-- WHAT IS BEING ASKED --
Please give the lines below again exactly as they stand, from the one that contains "X-men Supreme: Batman" up to and including the one that contains "Collezione Di Disegni", leaving all pictures out.

-- INFORMATION PROVIDED --
■ ■ ■ ■ ■ ■ ■

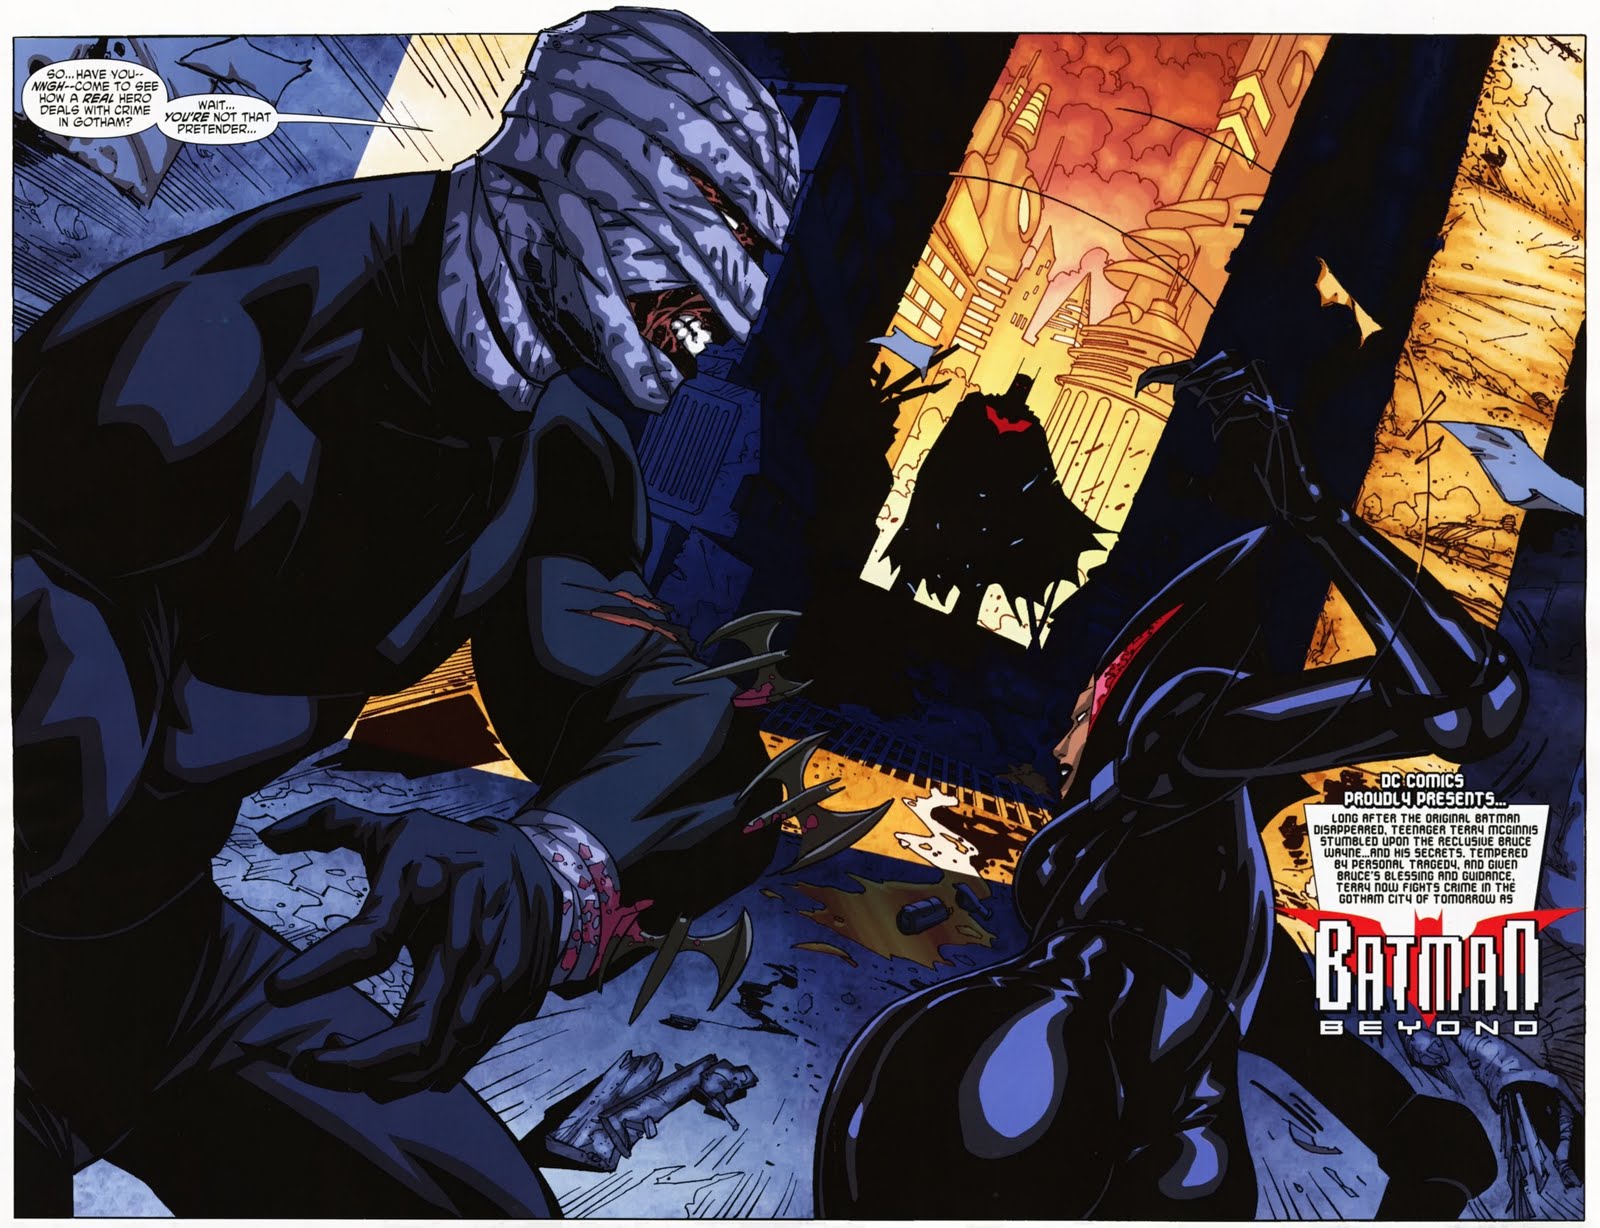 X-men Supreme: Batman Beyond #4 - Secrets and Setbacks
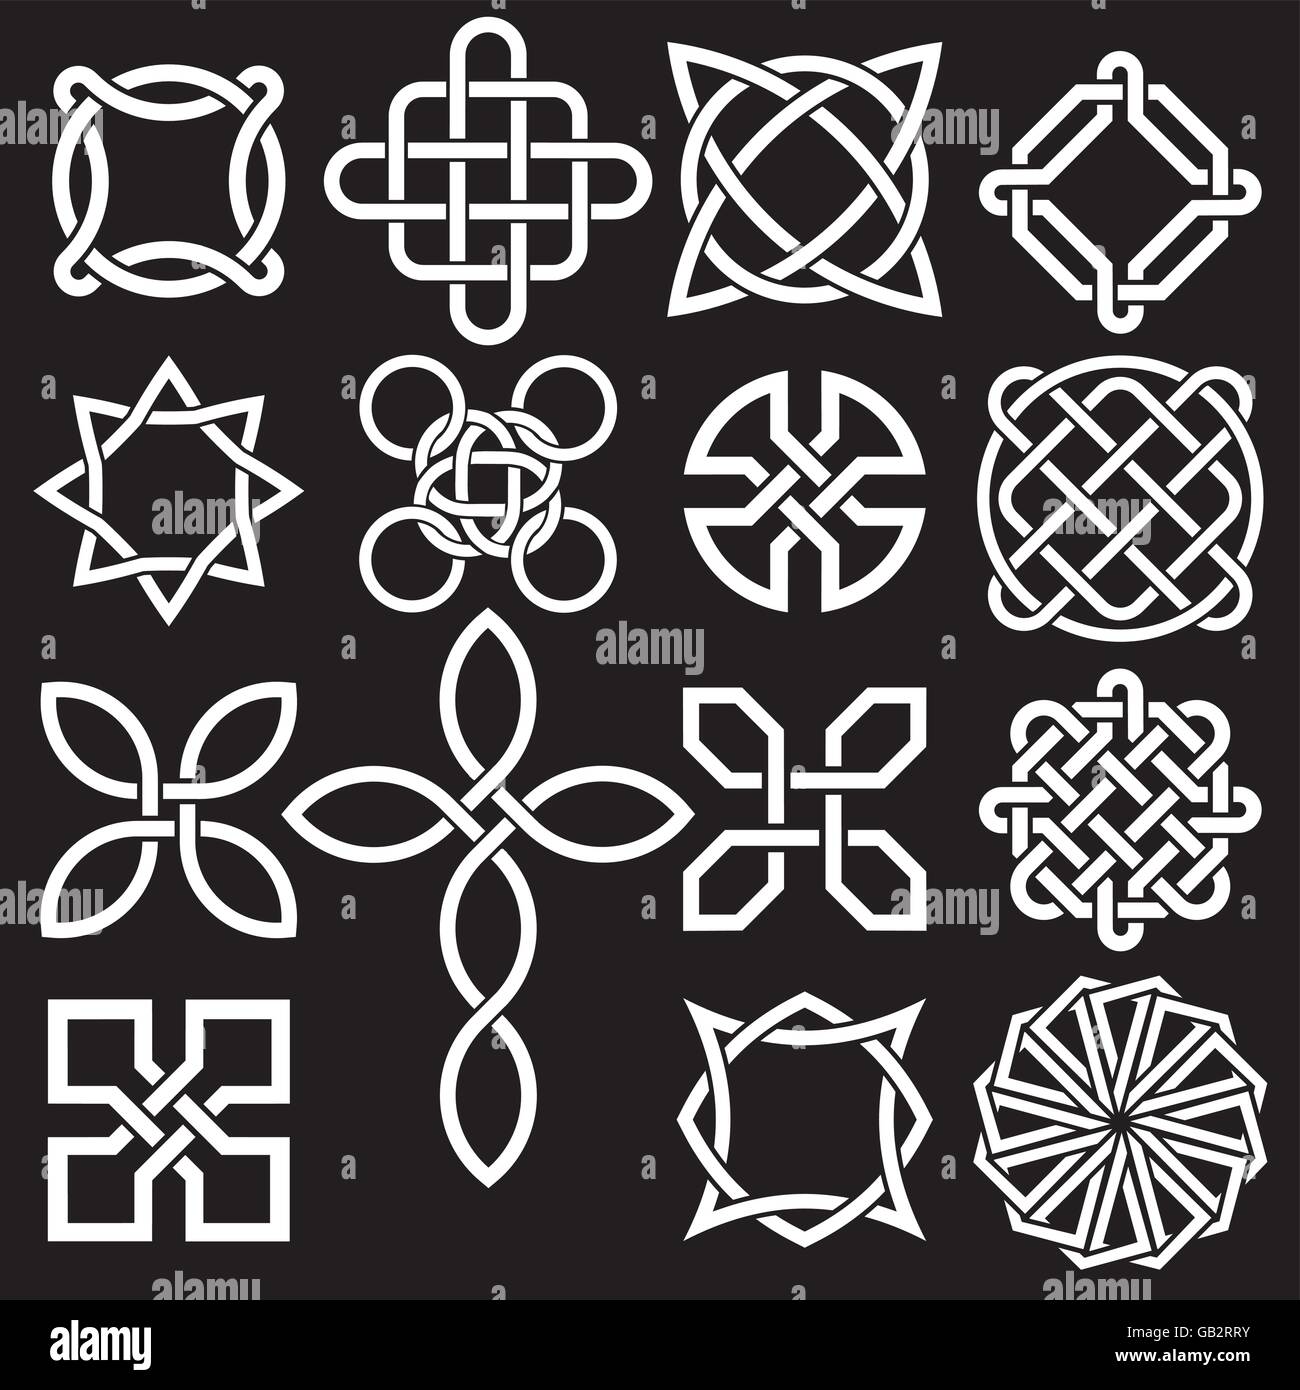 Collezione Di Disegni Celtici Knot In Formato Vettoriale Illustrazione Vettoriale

■ ■ ■ ■ ■ ■ ■

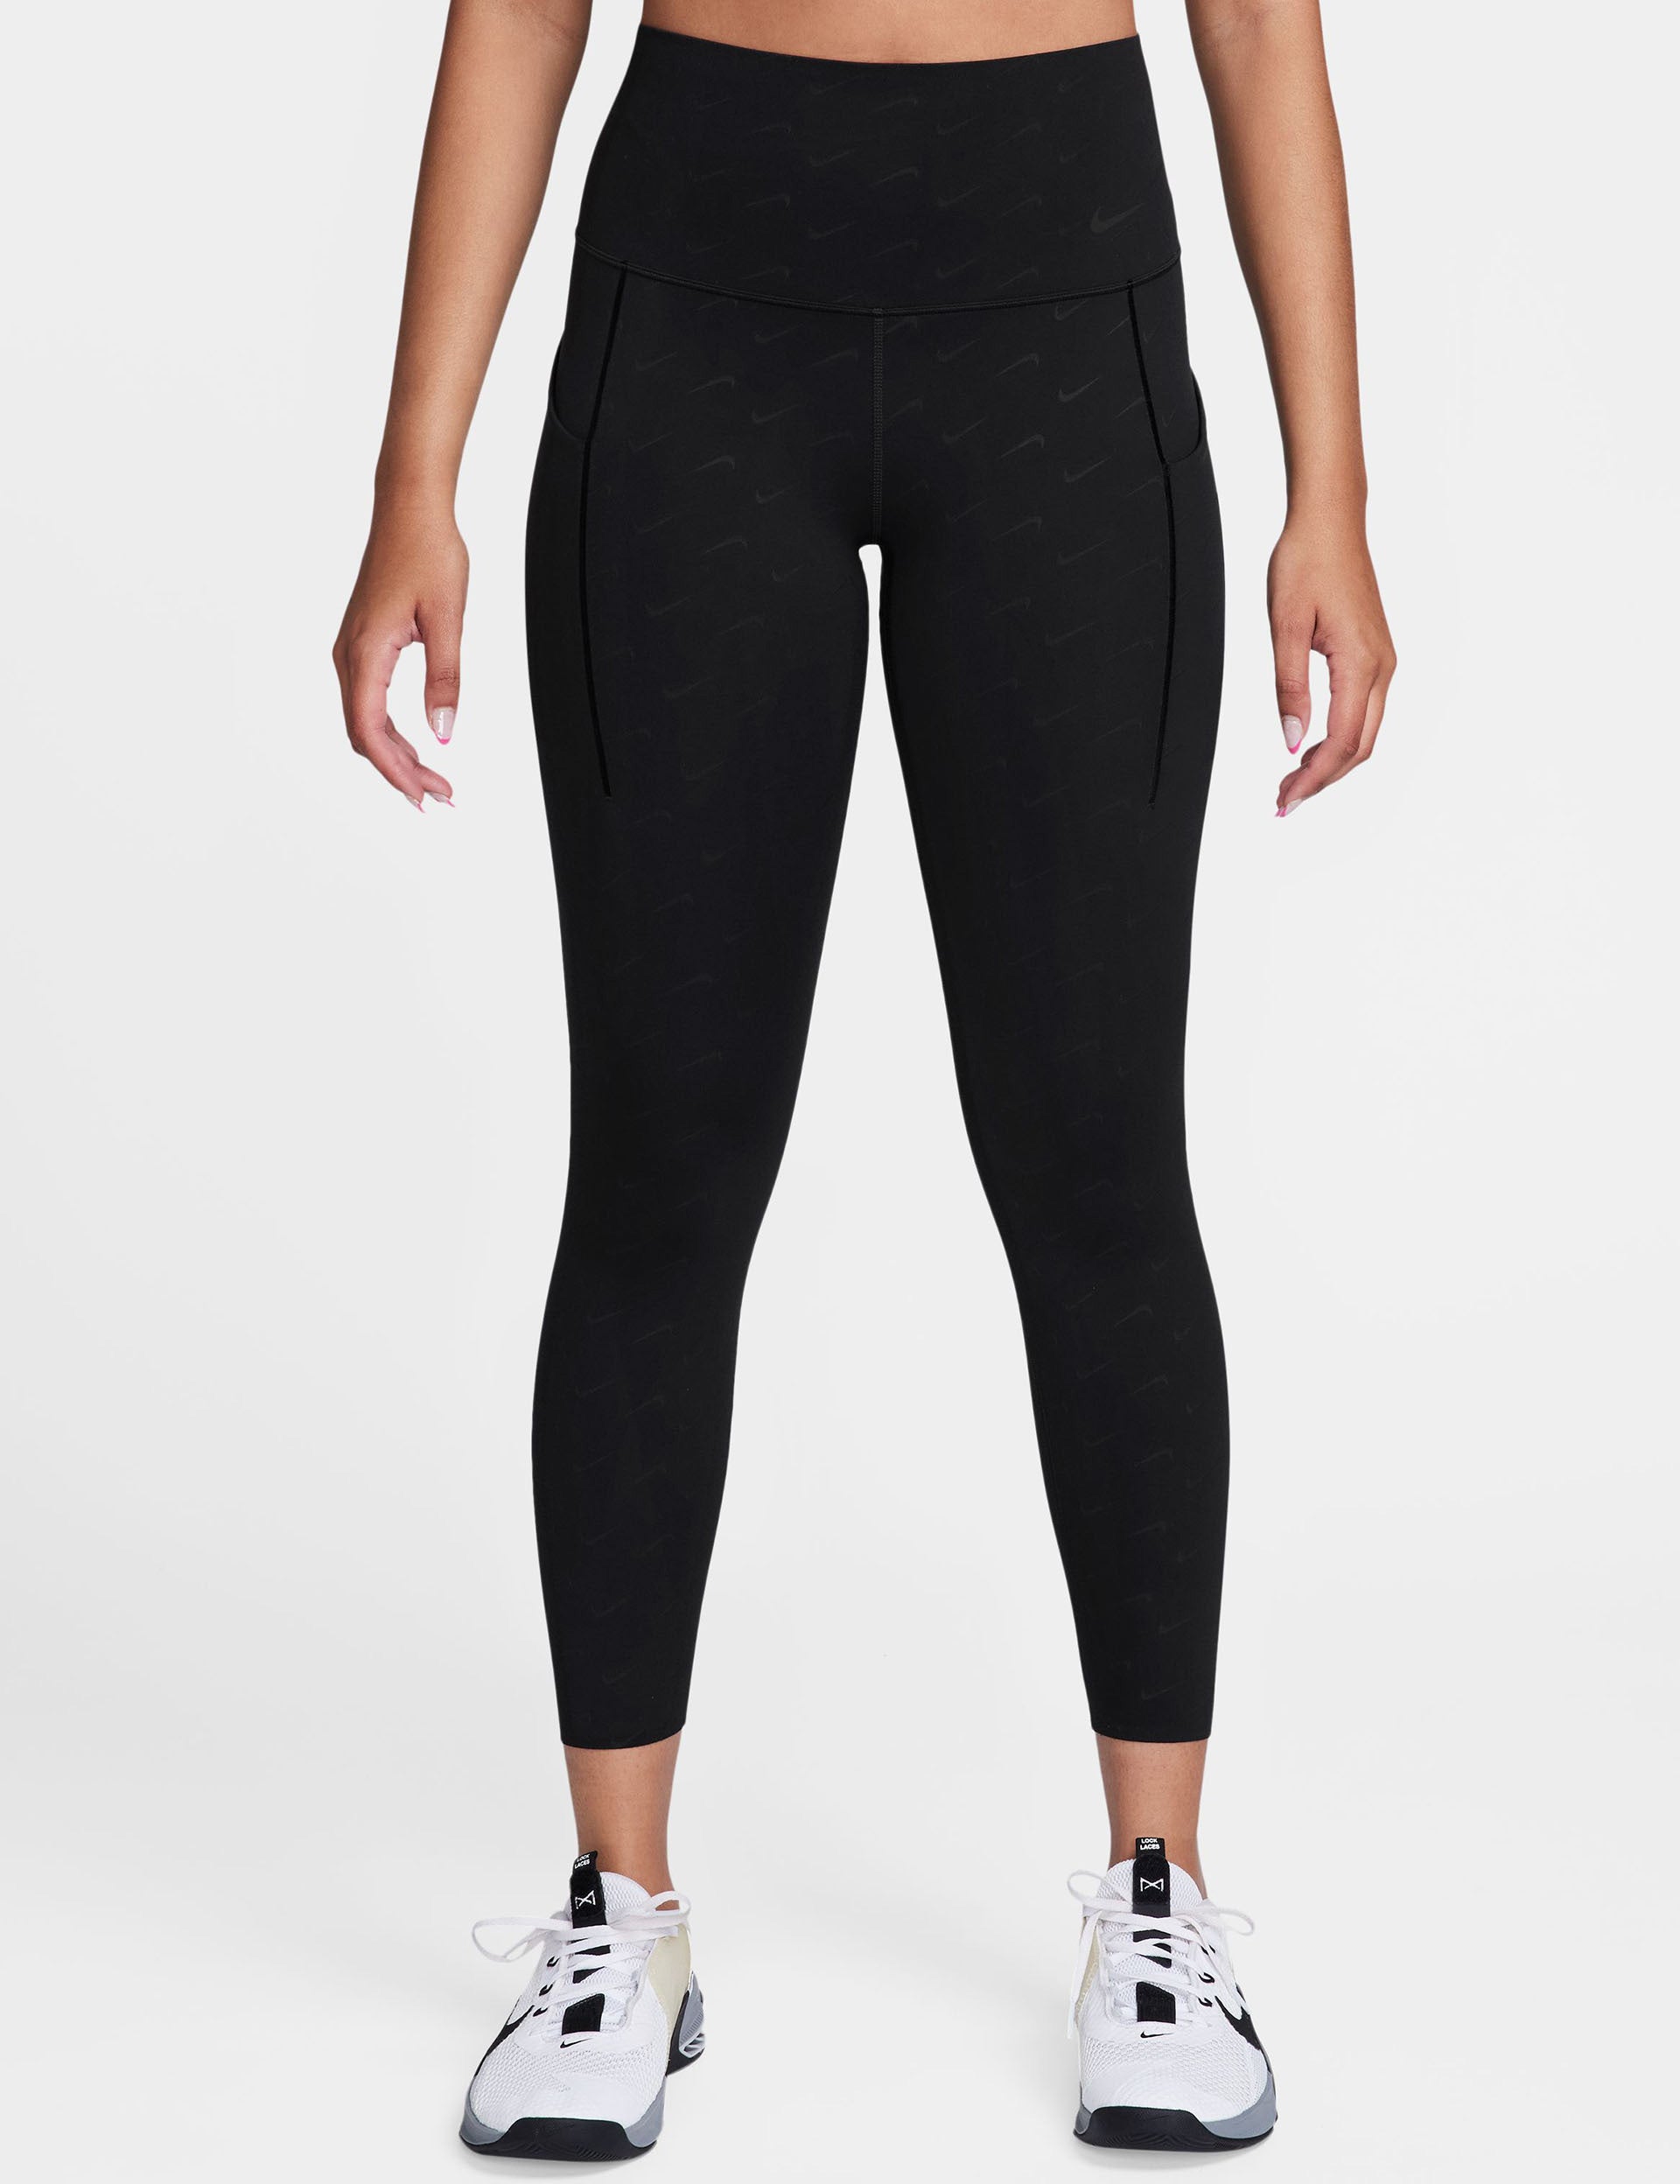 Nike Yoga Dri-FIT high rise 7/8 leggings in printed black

■ ■ ■ ■ ■ ■ ■

-- EXERCISE ANSWER --
 X-men Supreme: Batman Beyond #4 - Secrets and Setbacks
 Collezione Di Disegni Celtici Knot In Formato Vettoriale Illustrazione Vettoriale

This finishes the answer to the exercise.